Chaistain, Erick, at al. Algorithms, Games, and Evolution. Proceedings of the National Academy of Sciences. 111/10620, 2014. This entry is cited in the Kate Douglas report that headlines the section. Reported more in Natural Algorithms, with Adi Livnat, Christos Papadimitriou, and Umesh Vazirani, theoretical biologists pose a working comparison between natural selection seen as a search, iterate, and optimize process, and a machine learning procedure called “multiplicative weight updates algorithm” (MWUA). Both modes involve explorations and samplings of diverse populations, subject to trials, errors, then retests, so to reach a “good enough” state or solution. A Commentary in the same issue, Diverse Forms of Selection in Evolution and Computer Science by Nicholas Barton, et al, supports the finding.
Churchill, Alexander, et al. Learning to Generate Genotypes with Neural Networks. arXiv: 1604.04153. Reviewed more in Natural Algorithms, Queen Mary University of London enter another way to understand how genomes and connectomes (neuromes) are basically similar in form and function.

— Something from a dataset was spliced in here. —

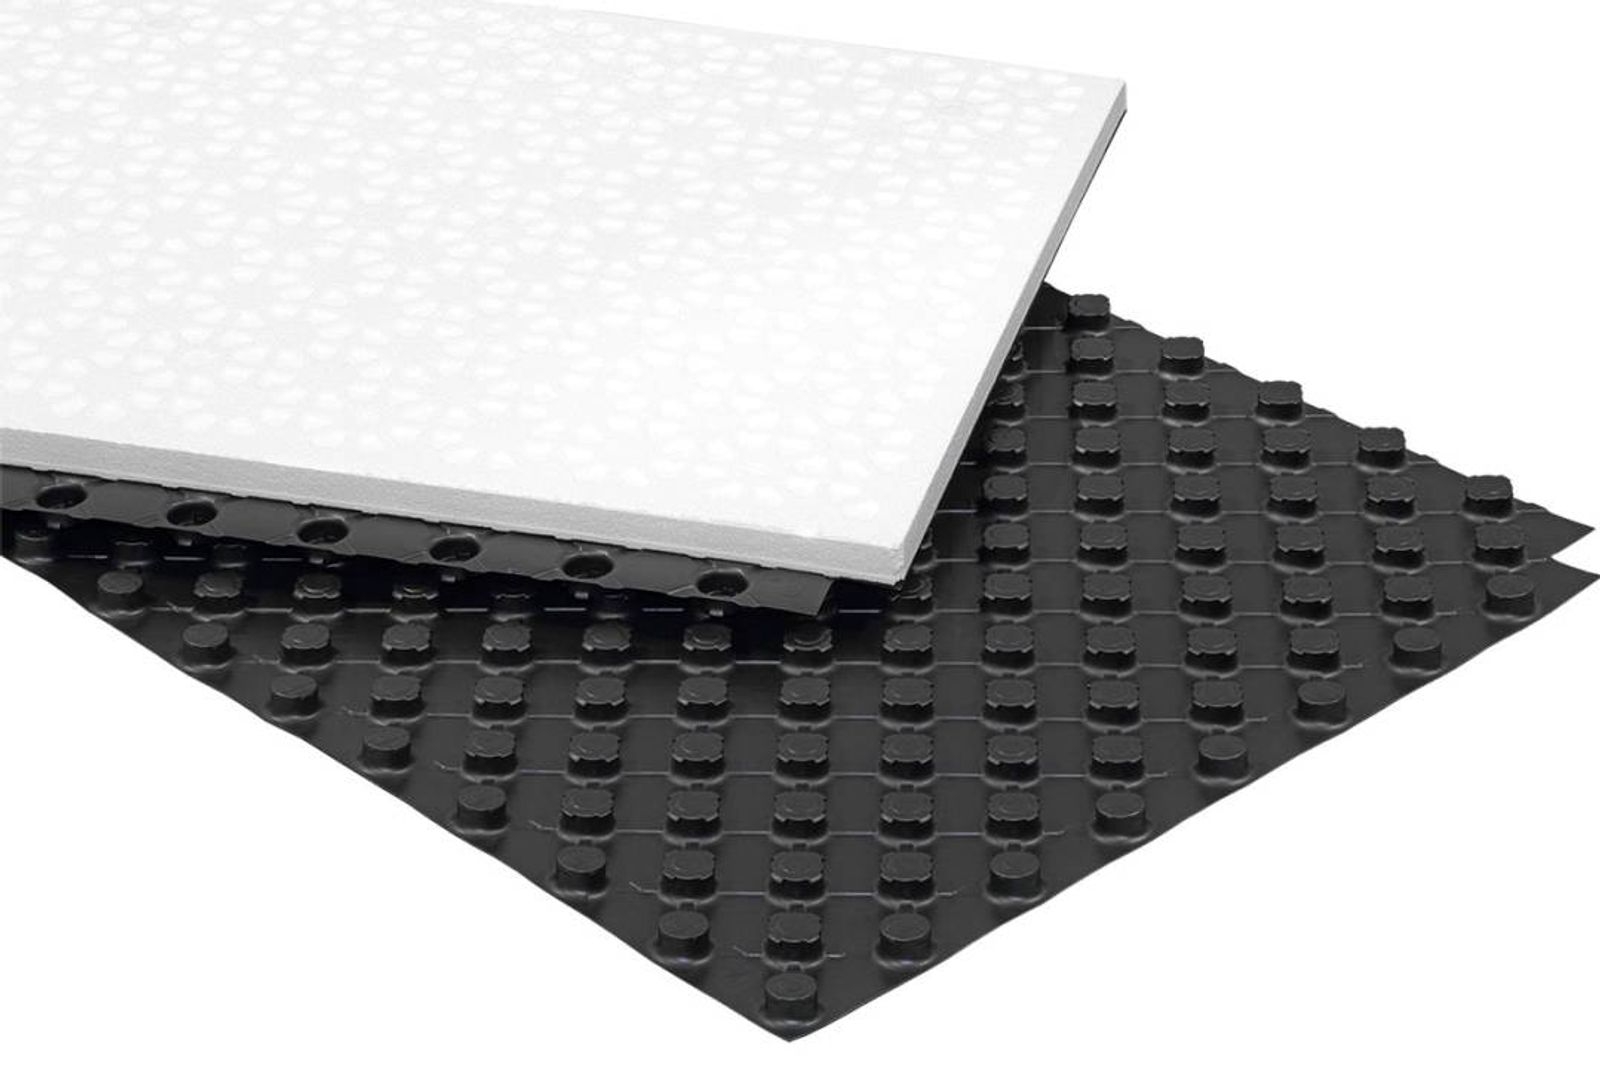 Fußbodenheizung 30-2 mm Noppensystem Standard für 14-17 mm Rohr 11.2 m²
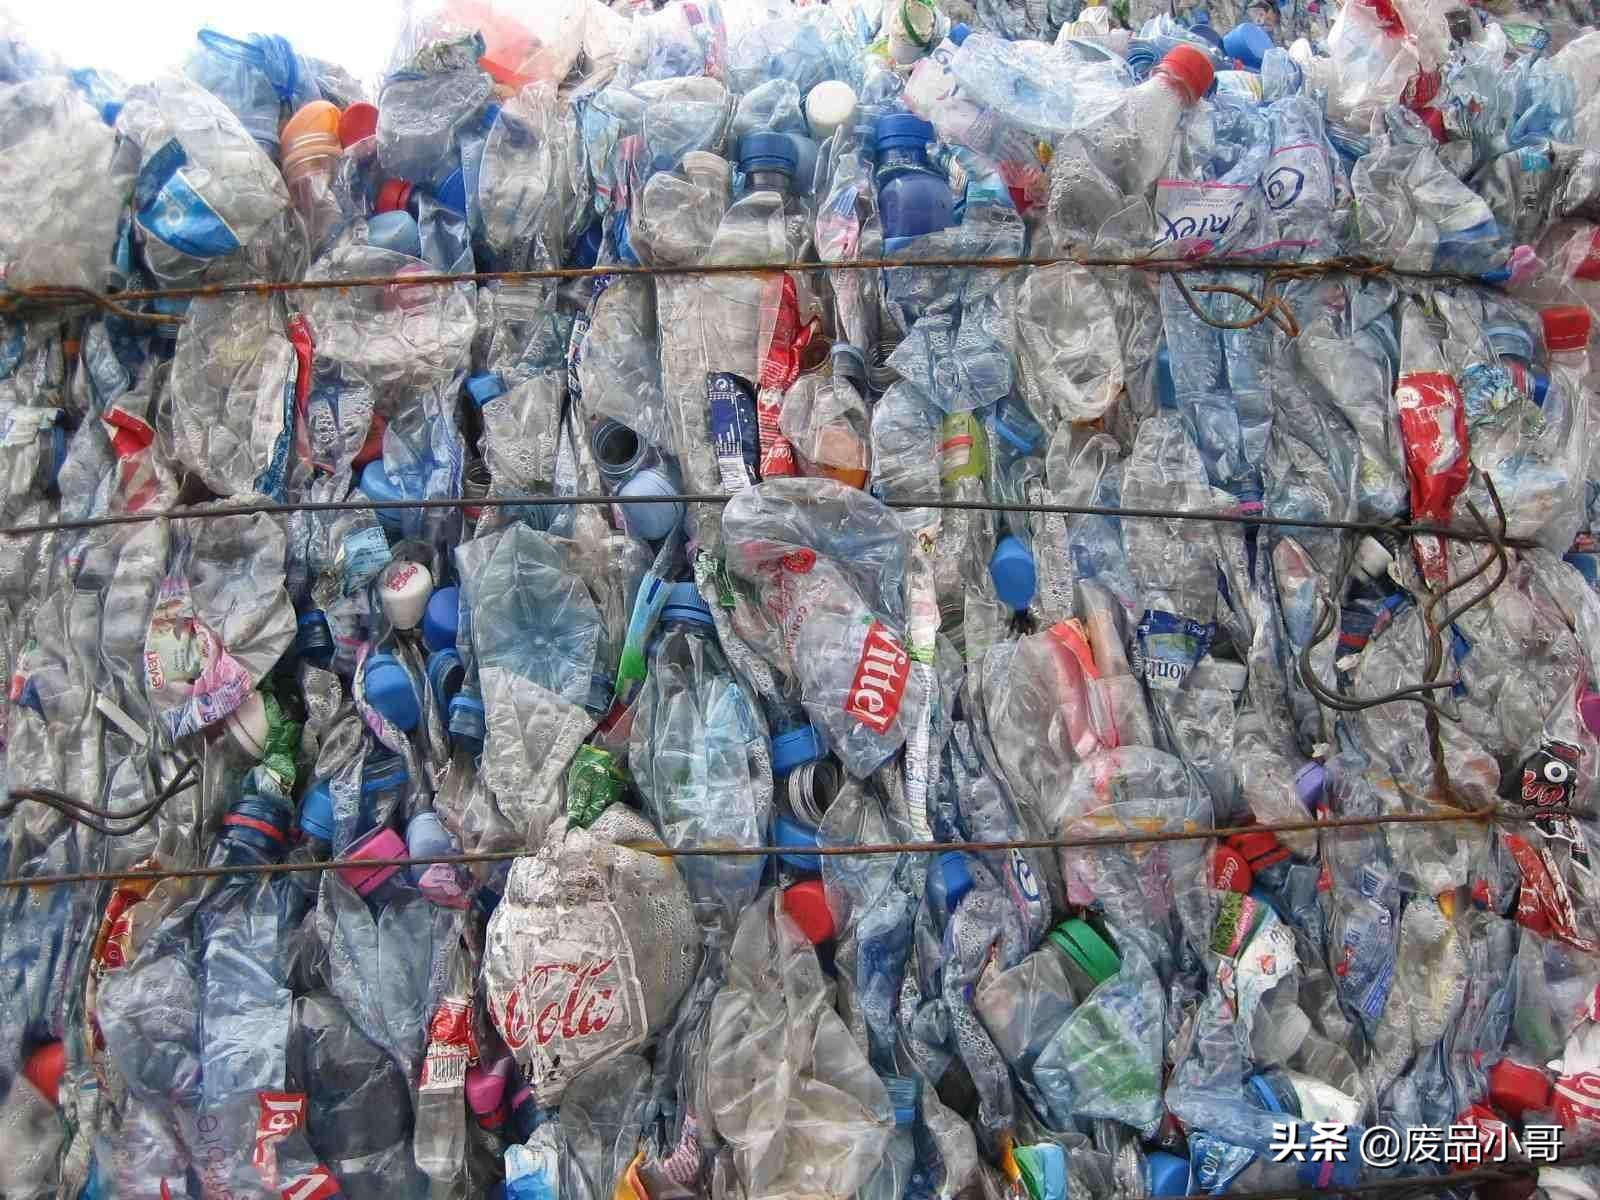 PP、PVC、ABS、PS废塑料回收价格信息2022年4月1日最高上调200元

Csermely, Peter, et al. Learning of Signaling Networks. arXiv:2001.11679. We cite this paper by five Semmelweis University, Budapest system scientists as an example of how cerebral facilities can be easily grafted onto and evident in all manner of genetic and metabolic anatomy and physiology, because they naturally spring from and manifest one, same source. By this perception, life’s long evolutionary development can increasingly appear as an oriented encephalization and cosmic education.
Molecular processes of neuronal learning have been well-described. However, learning mechanisms of non-neuronal cells have not been fully understood. Here, we discuss molecular mechanisms of cellular learning, including conformational memory of intrinsically disordered proteins and prions, signaling cascades, protein translocation, RNAs, and chromatin memory. We hypothesize that these processes constitute the learning of signaling networks and correspond to a generalized Hebbian learning process of single, non-neuronal cells. We then discuss how cellular learning may open novel directions in drug design and inspire new artificial intelligence methods. (Abstract)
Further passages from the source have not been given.